Welcome to Our Website

Genetiği Değiştirilmiş Sivrisinekler, Sıtma ile Mücadele İçin Doğaya Salındı

Genetiği değiştirilmiş on binlerce sivrisinek, Afrika ülkelerinden Cibuti’de sıtmanın yayılmasına yol açan istilacı türlerle mücadele için doğaya salındı.

İngiltere merkezli bir biyoteknoloji şirketi olan Oxitec tarafından geliştirilen, Anofel stephensi türü ısırmayan erkek sivrisinekler, dişi yavruların olgunluğa erişmeden ölmesine sebep olacak bir gen taşıyor.

Sadece dişi sivrisinekler ısırdığı zaman sıtma ve diğer viral hastalıklar yayılıyor.

Genetiği değiştirilmiş sivrisineklerle çiftleşmelerden dünyaya gelen sadece erkek yavrular hayatta kalabiliyor.

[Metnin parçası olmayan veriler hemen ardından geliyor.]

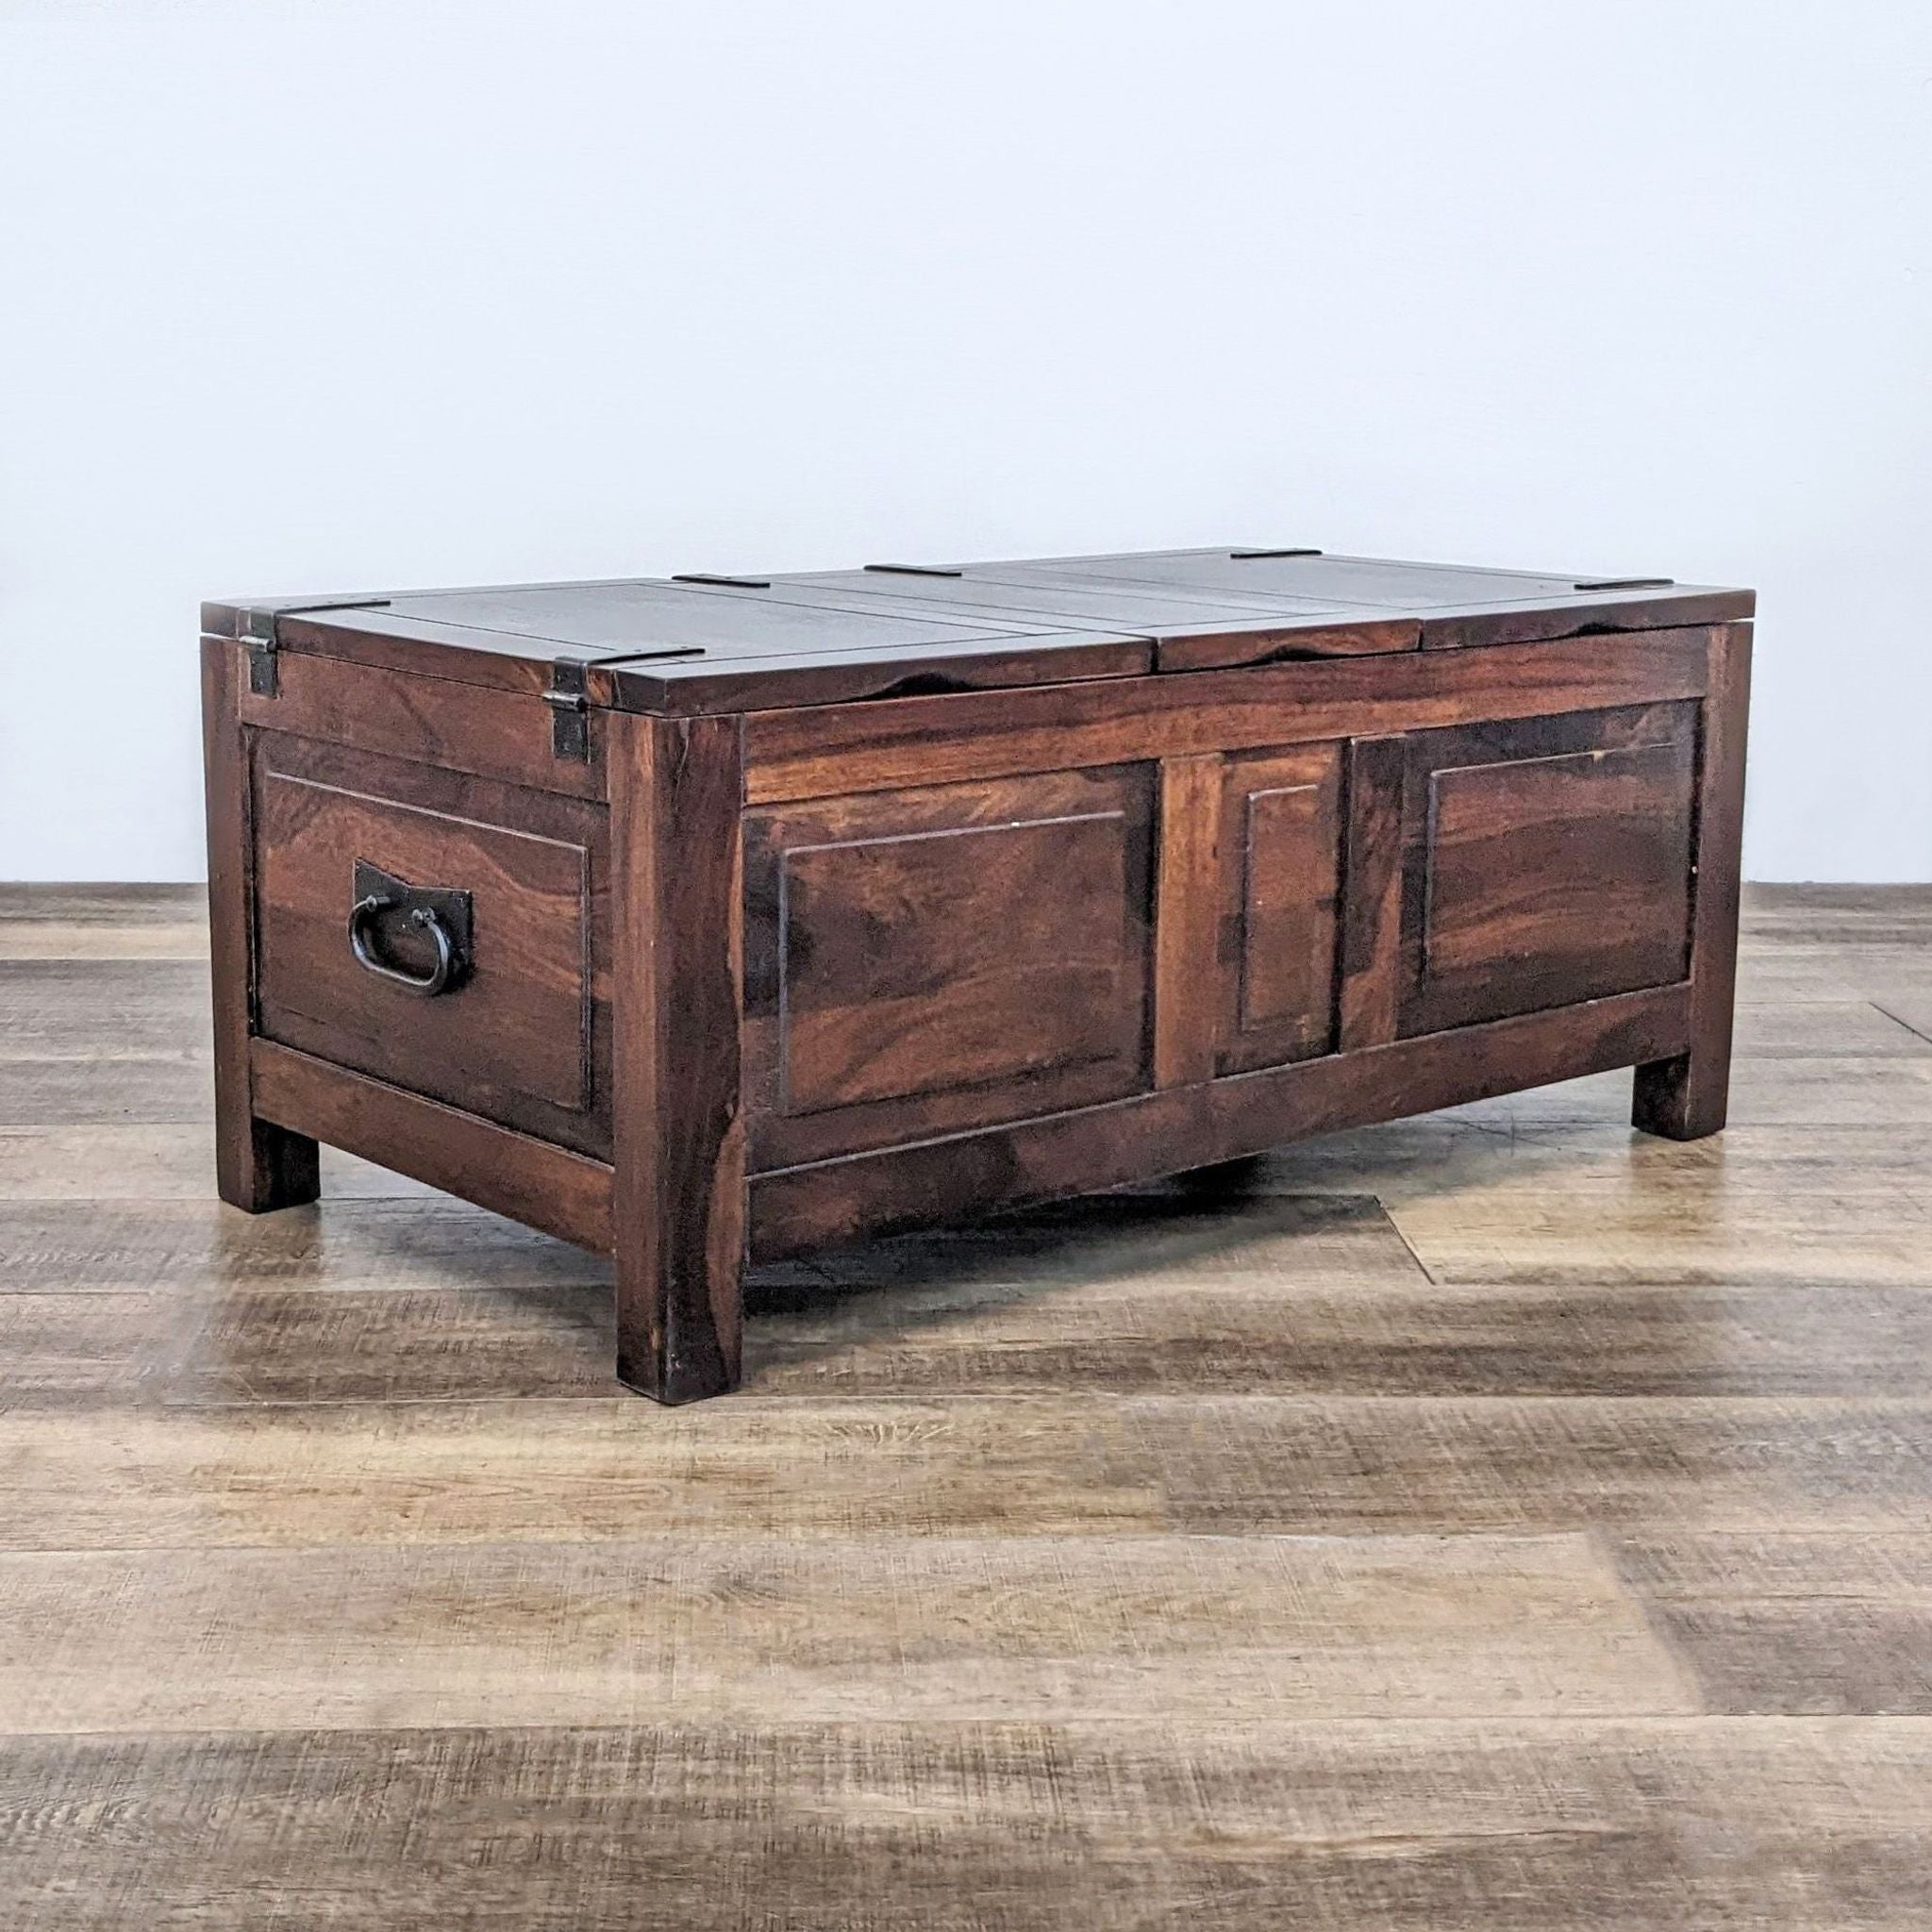 Reperch brand wooden coffee table with closed lift-top storage and black metal hardware on wooden floor.

Doğu Afrika’da ilk defa, kıtada ise ikinci defa bu tarz bir uygulama gerçekleştirildi.

ABD Hastalık Kontrol ve Önleme Merkezi’ne (CDC) göre benzer bir uygulama daha önce Brezilya, Cayman Adaları, Panama ve Hindistan’da hayata geçirildi.

2019’dan beri bir milyarın üzerinde sivrisineğin bu şekilde doğaya salındığı düşünülüyor.

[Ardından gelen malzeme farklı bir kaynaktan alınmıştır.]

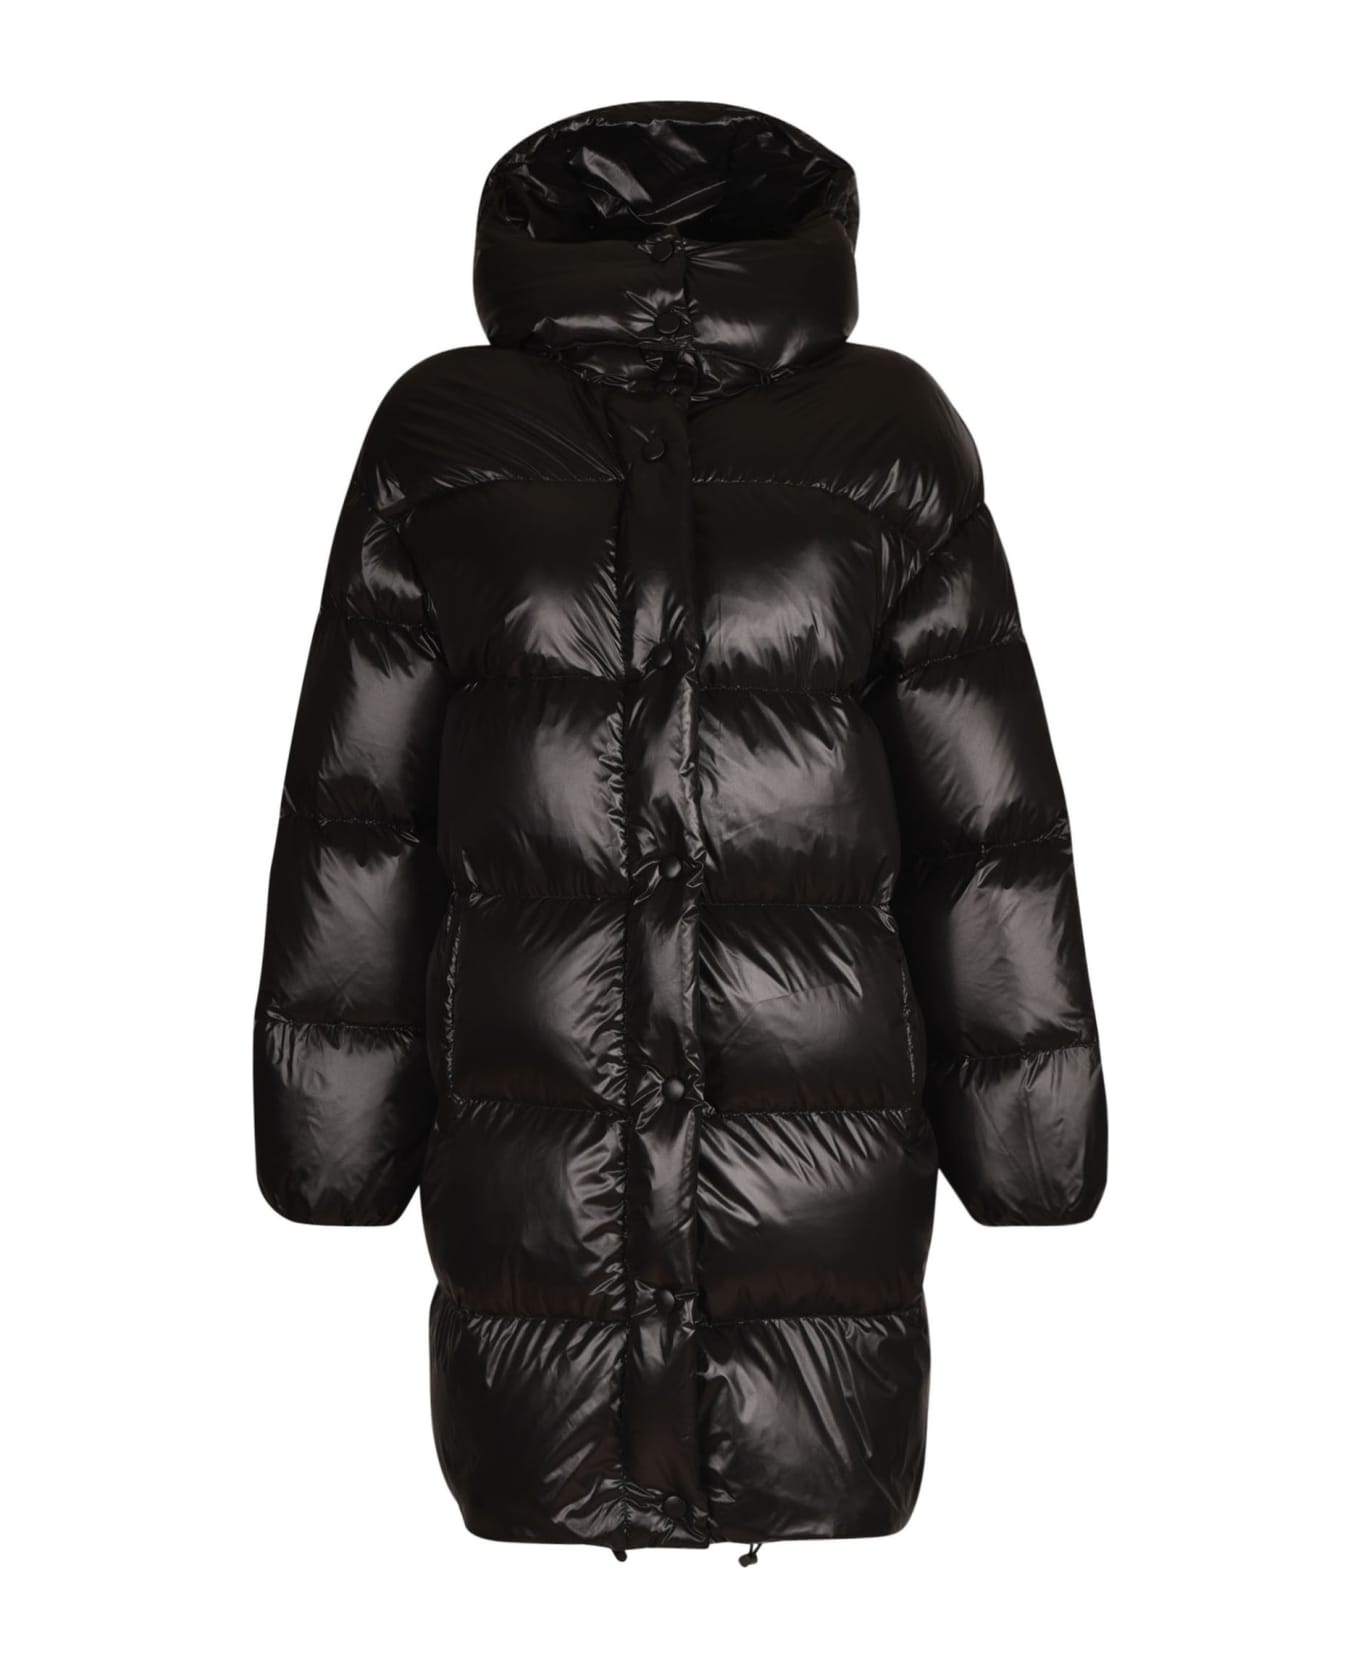 Miu Miu Concealed Buttoned Padded Jacket - Black コート

Oxitec’in başında olan Grey Frandsen, BBC’ye yaptığı açıklamada “bu dost hayvanların doğaya salındıktan sonra çiftleşmek için dişi sivrisinekleri aradığını” belirtti.

Bu uygulama iki yıl önce Cibuti’de başlayan ve Anofel stephensilerin yayılmasını hedefleyen program kapsamında gerçekleştirildi.

O zamanlar ülke, sadece 30 vaka ile sıtma ile mücadelede başarılı bir noktaya gelmişti; ancak sıtma vakaları Cibuti’de 2020 yılında 73 bine kadar çıktı.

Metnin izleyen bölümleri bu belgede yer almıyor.